» Collected material:
- Opening Delimiter -

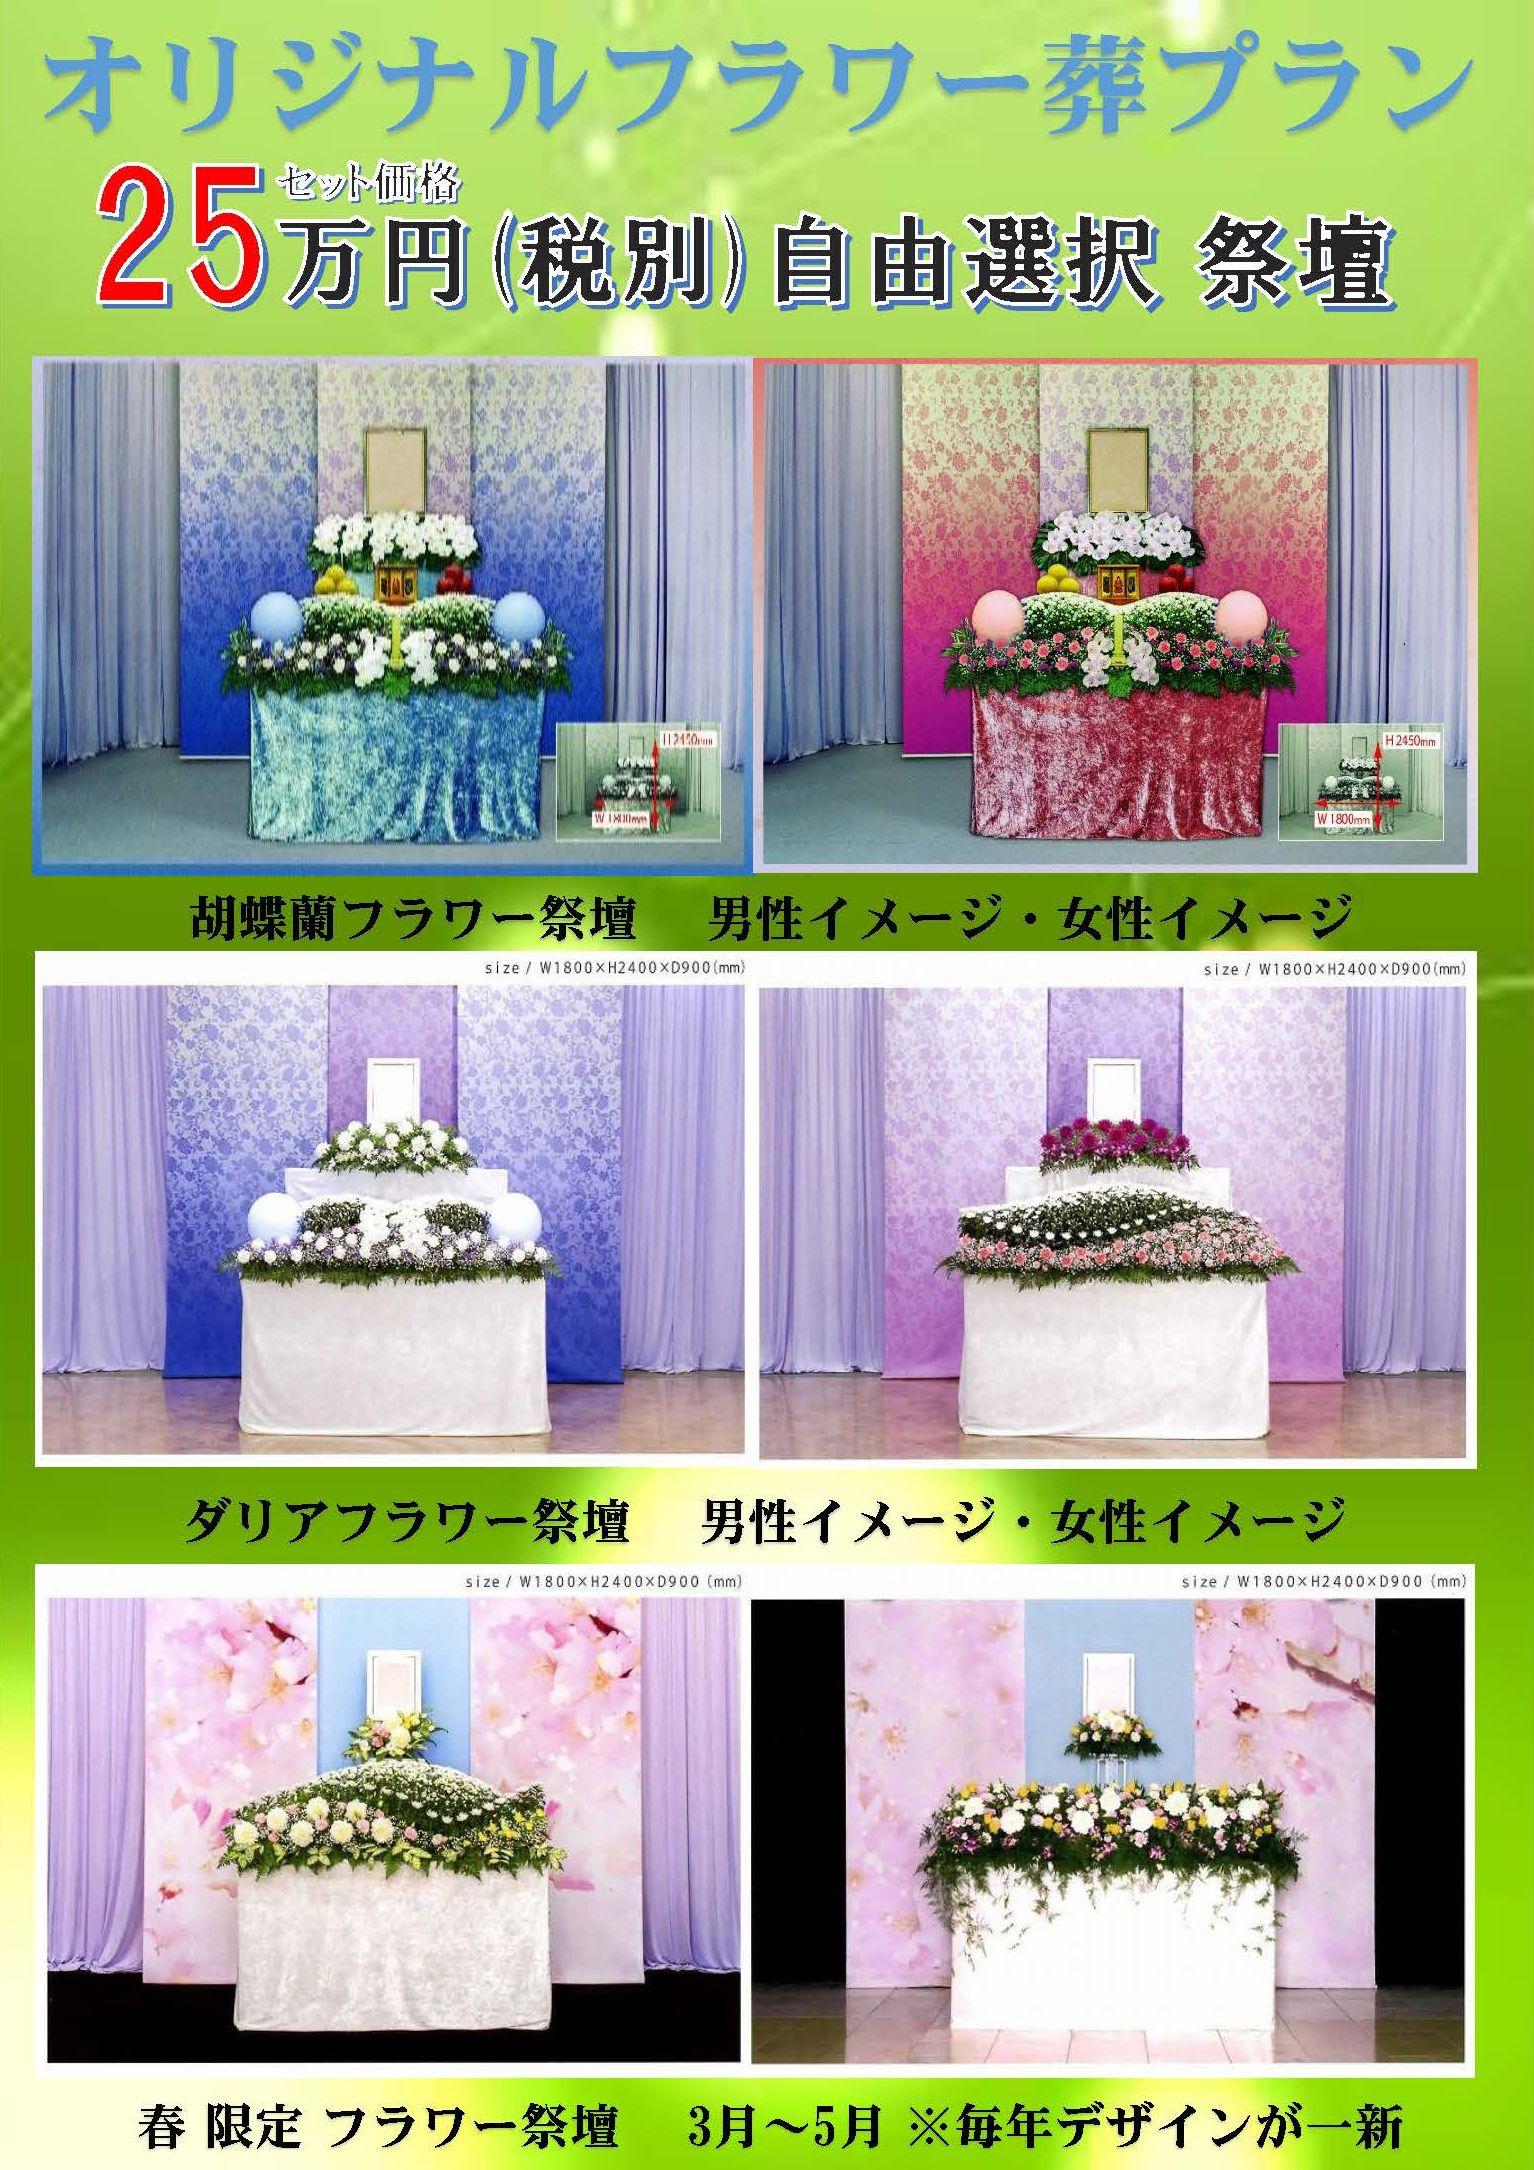 自由選択祭壇 25万円_ページ_1
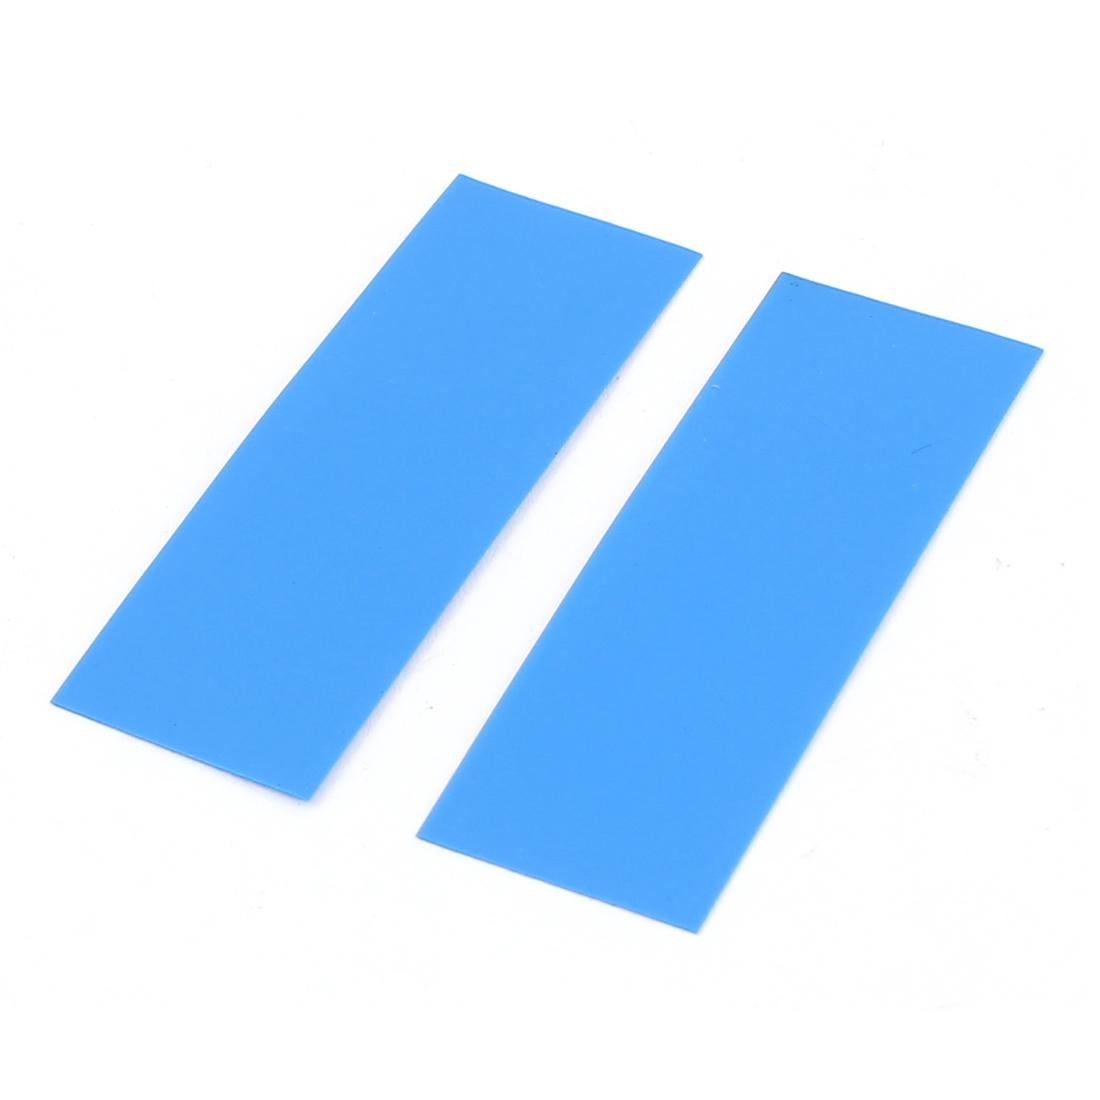 50pcs 17mm 10.8mm Dia PVC Heat Shrink Tubing Blue for Single AAA Battery
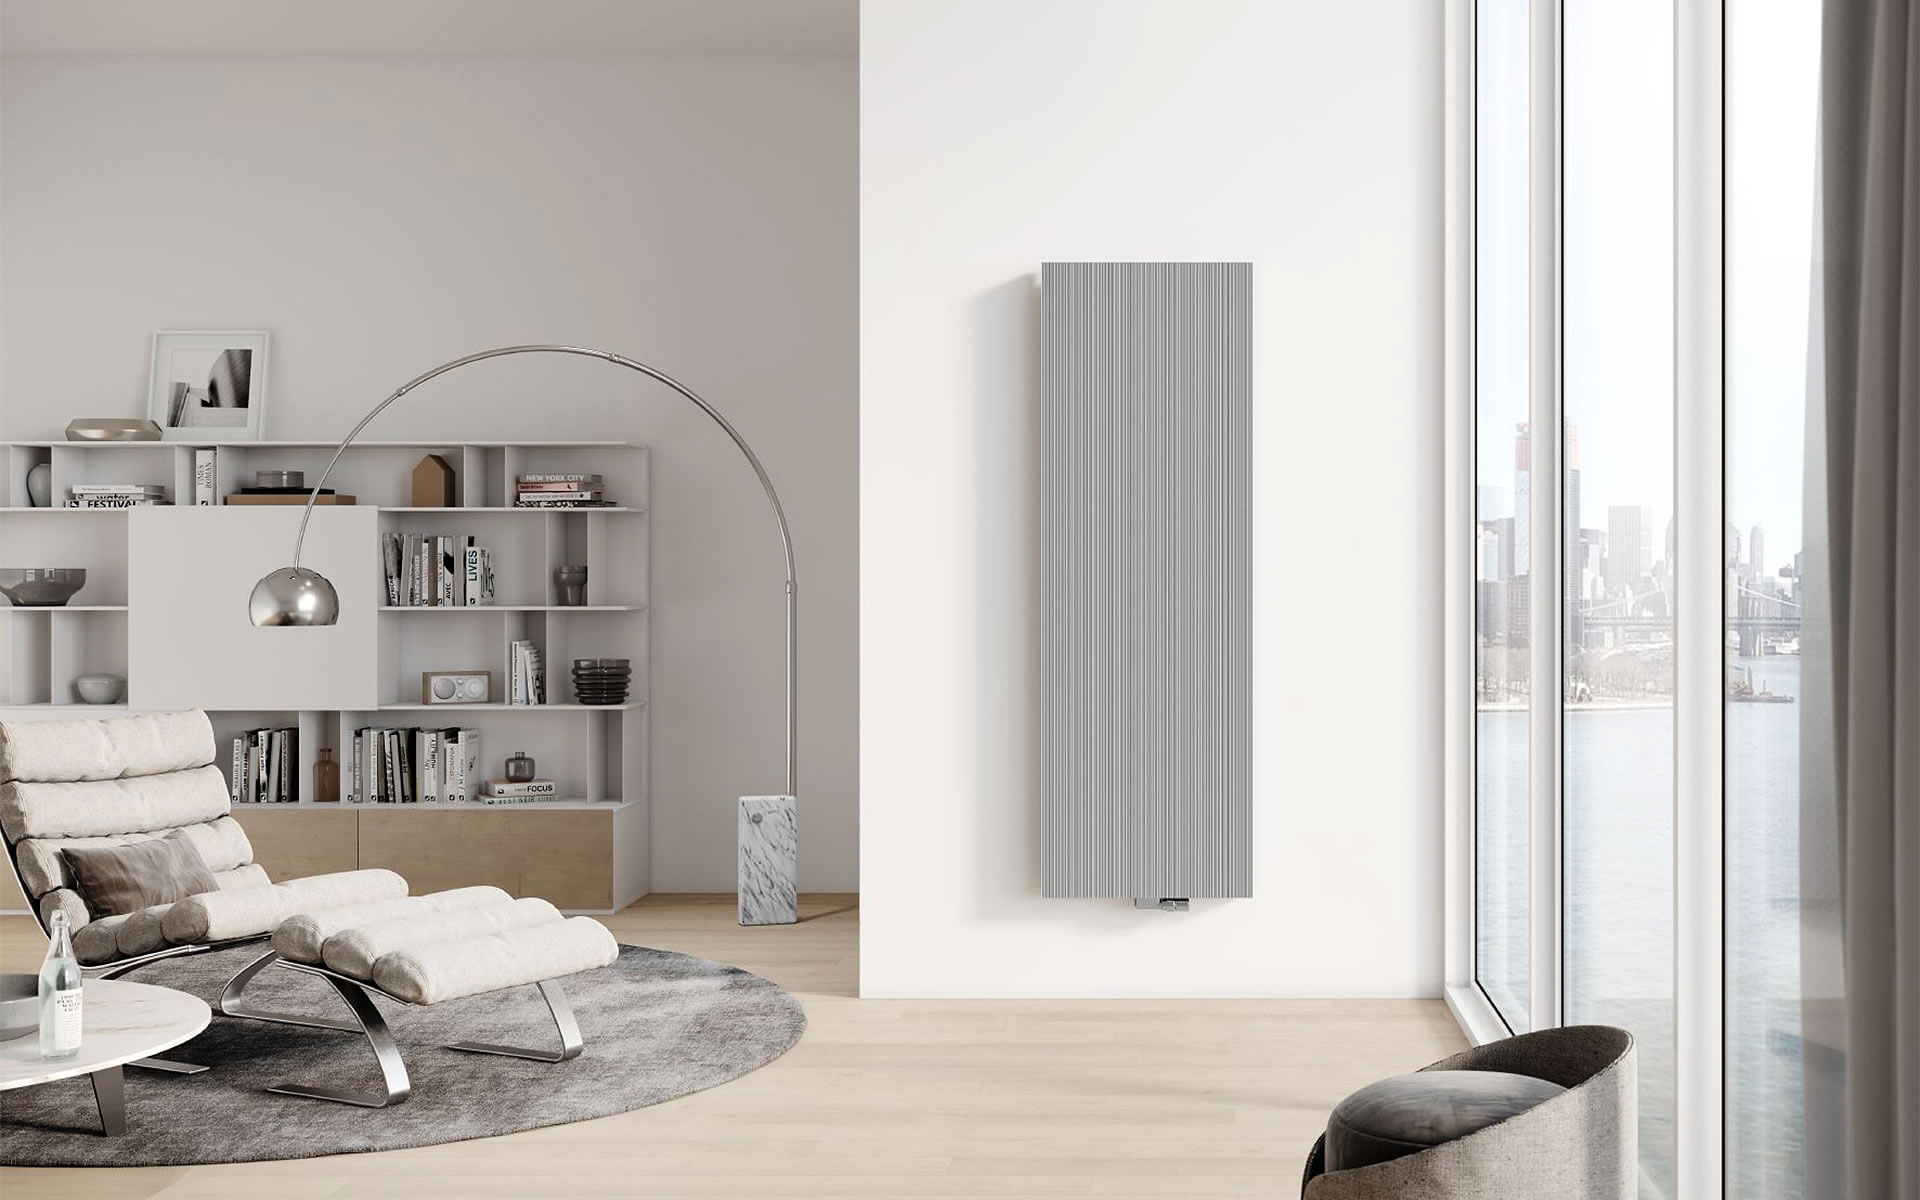 Full Size of Haustechnik 73 Elektroheizkörper Bad Heizkörper Badezimmer Wohnzimmer Für Wohnzimmer Kermi Heizkörper

- Closing Delimiter -

» Task item:
Skipping the pictures, transcribe each line above exactly as it appears.

» Output:
 自由選択祭壇 25万円_ページ_1
 50pcs 17mm 10.8mm Dia PVC Heat Shrink Tubing Blue for Single AAA Battery
 Full Size of Haustechnik 73 Elektroheizkörper Bad Heizkörper Badezimmer Wohnzimmer Für Wohnzimmer Kermi Heizkörper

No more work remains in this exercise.